I’ll give you a minute, to calculate in your head. When Mark Easton of the BBC first asked this question, and went searching for the answer, I remember thinking of all the parks and forests, of the rolling wildernesses which are only ten miles from my front door. For built areas, I guessed about twenty percent. The actual figure is 2.27%.
There’s something here that is curious. I feel the implications sliding against each other like sandpaper in my mind, but I can’t quite come to any conclusion. About ninety percent of the population lives on two percent of the land. Can that be right? Does it mean anything? It seems incongruous and in some ways portentous to me, but I can’t quite work out why.

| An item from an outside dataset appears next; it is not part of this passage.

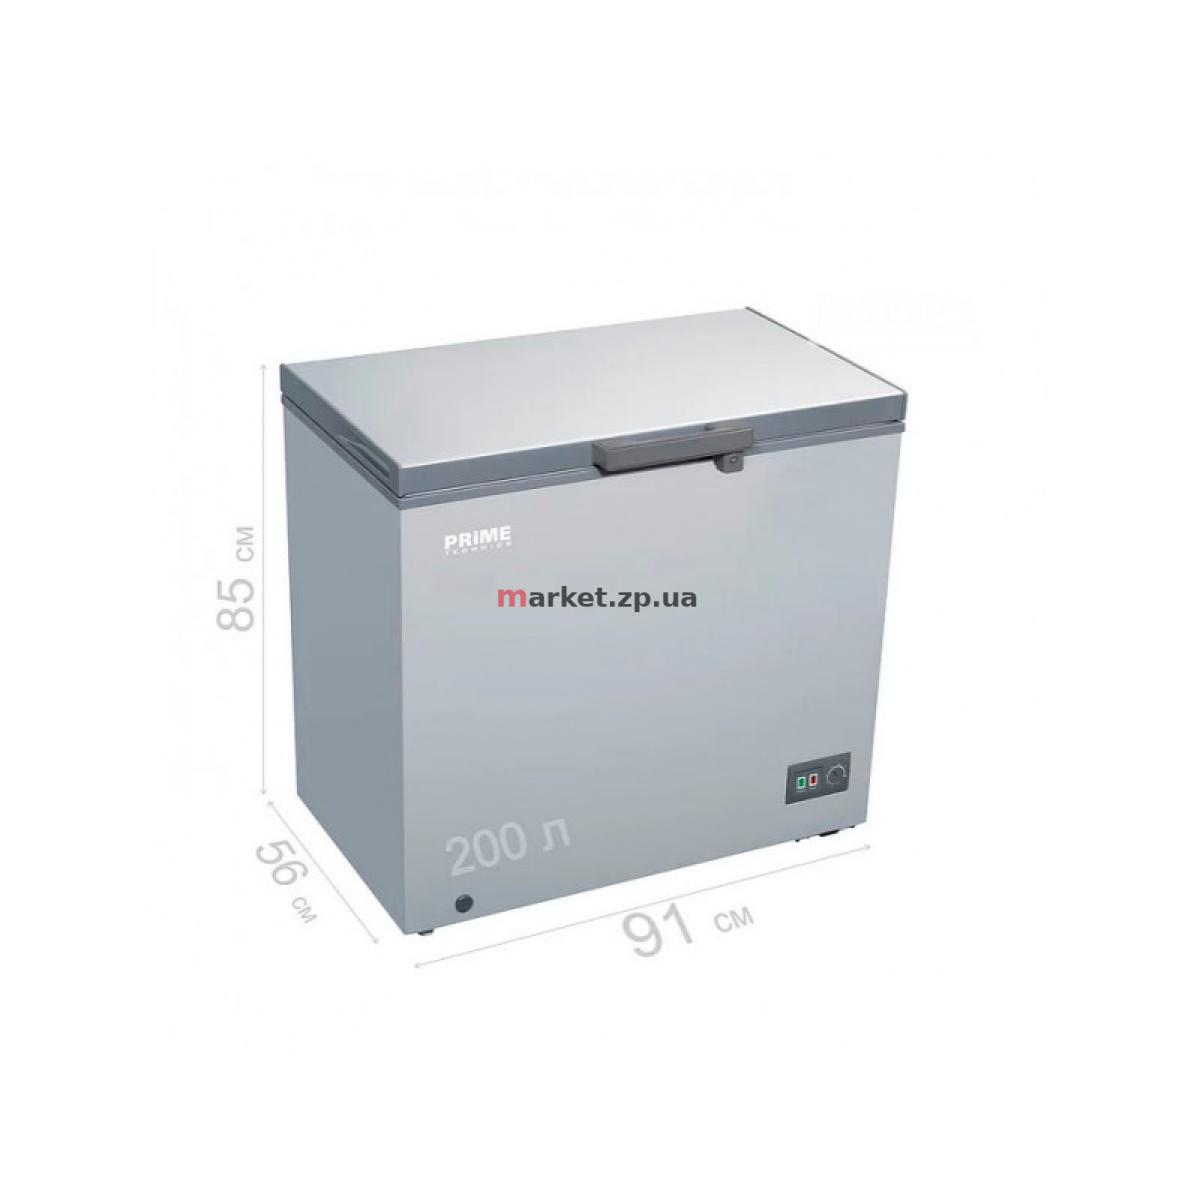 Морозильный ларь PRIME Technics CS 20144 MX

The point is, that if I write about skipping lambs, and how they really do gambol and shoot vertically into the air and do amazing bronco tricks when they are only days old, that is news, to quite a lot of people. They really don’t see lambs every morning.

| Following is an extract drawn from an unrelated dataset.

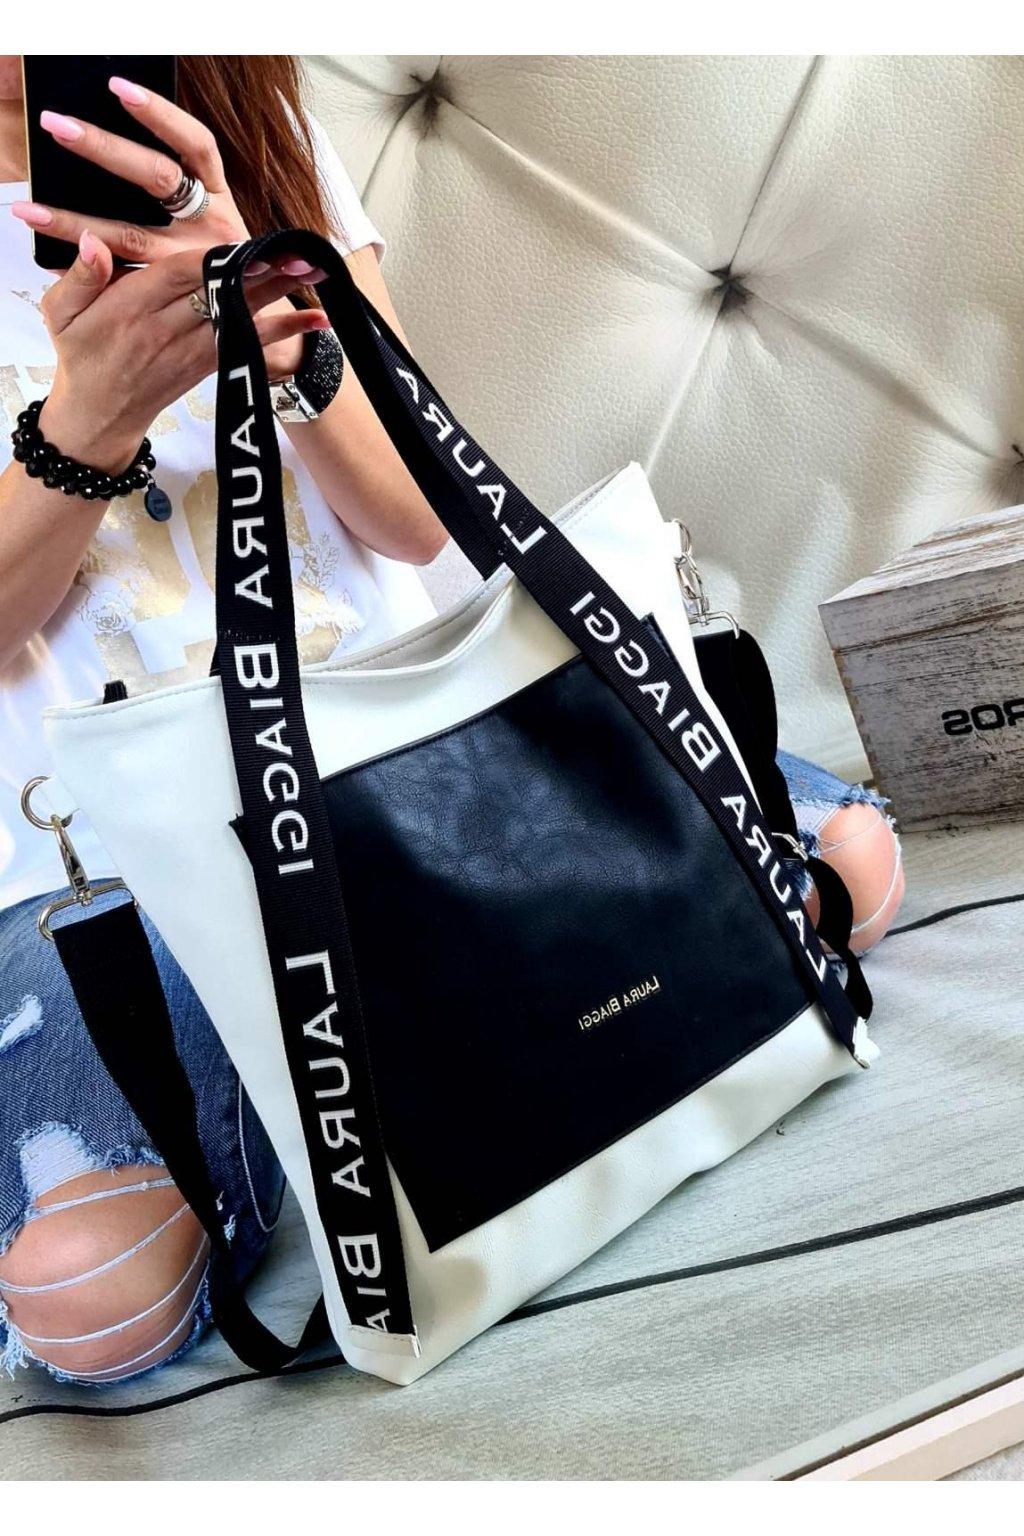 sendy bíločerná kabelka laura biaggi trendy luxusní kabelky značkové

Yesterday, the old farmer brought a three-day-old trio down to the south meadow. (There is the old farmer and the young farmer, father and son, whose family has worked the land round here for generations.) I watched him and his little grandson put the new arrivals into the field with the rest of the flock. The young boy, who could not have been more than nine, was dealing with one of the lambs who did not want to get out of the trailer. He picked the wiggling creature up in a sure grasp, front legs in his two certain hands, and deposited it onto the grass.
‘He’s got the touch,’ I said. The old farmer’s weathered face creased into smiles of pride.
We talked for a while about the winter and the weather and how the ground was still four degrees below what it should be. We are at last getting some sunshine and warmth now, but all those of us who rely on the green grass – him for his livestock, me for my horses – are counting the days. We calculate that we are about three weeks behind.
The country is deep in my bones. I grew up in it. I spent my childhood running wild in a farmyard and a stable. There were only two rules: don’t go near the grain dryer, in case we fell in and drowned in corn, and don’t approach the double door stable of Charlie the Bull. (Charlie needed two doors, because he was a mighty beast.) As soon as I was old enough, I rode pretty much every day on the wide downland that characterises the Lambourn valley. I was brought up with earthy smells: of dung, of hay, of horse, of cattle.
Scotland is a very different sort of country, but the smells and the sense of clean air and wide skies is the same. It runs in my blood in the same way. The city is the lovely, dancing, antic time of my twenties and thirties. Now, I come back to where I started: looking for the first blossom, listening for the call of the woodpecker in the woods, discussing the very temperature of the soil. This is my first language. When the mare whickers for her morning feed, it is the sound of home.